## THE PROBLEM
Output, word for word, the lines of this listing that fall between the line with "TORCHSTAR 10.5W 4-Inch" and the line with "Automatic Self Stirring", counting both of those lines, and no others.

## RECORDED DATA
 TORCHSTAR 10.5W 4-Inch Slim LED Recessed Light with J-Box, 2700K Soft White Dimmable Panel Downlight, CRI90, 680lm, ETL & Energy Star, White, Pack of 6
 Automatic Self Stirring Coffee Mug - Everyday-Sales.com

--

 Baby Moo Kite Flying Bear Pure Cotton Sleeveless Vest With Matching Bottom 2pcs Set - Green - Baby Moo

...

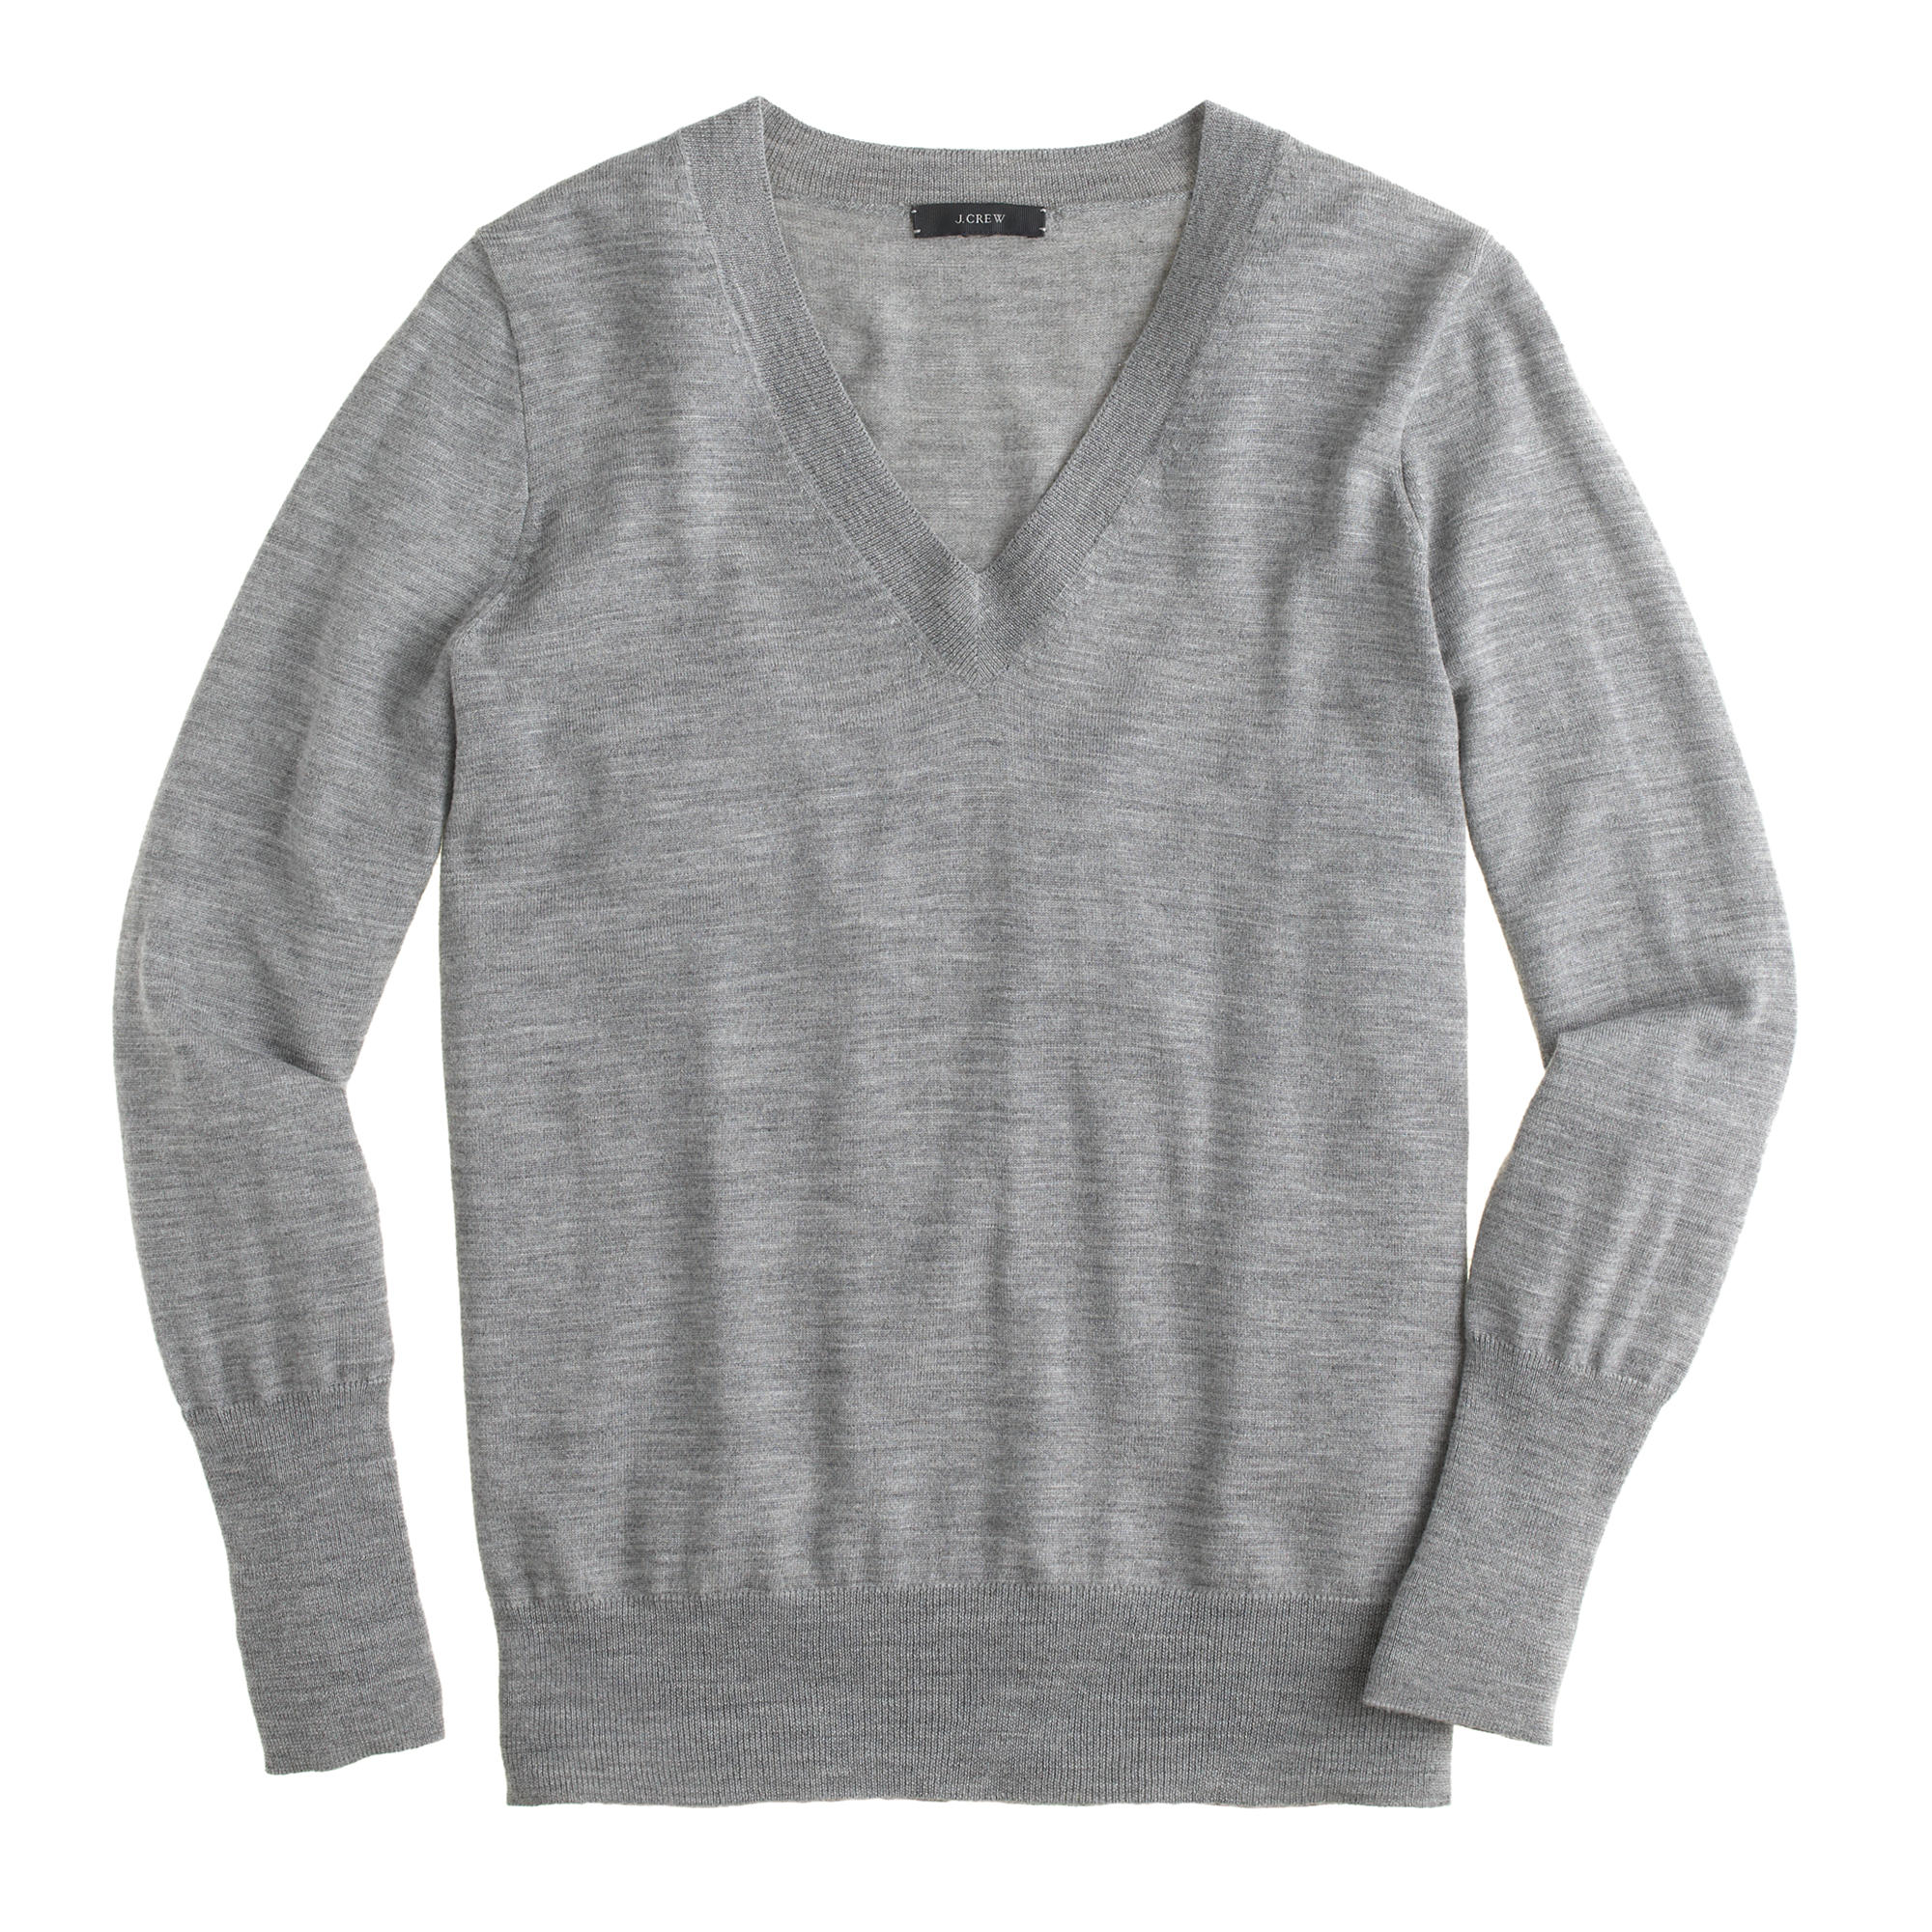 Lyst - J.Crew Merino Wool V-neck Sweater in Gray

## SOLVED PROBLEM
 TORCHSTAR 10.5W 4-Inch Slim LED Recessed Light with J-Box, 2700K Soft White Dimmable Panel Downlight, CRI90, 680lm, ETL & Energy Star, White, Pack of 6
 Automatic Self Stirring Coffee Mug - Everyday-Sales.com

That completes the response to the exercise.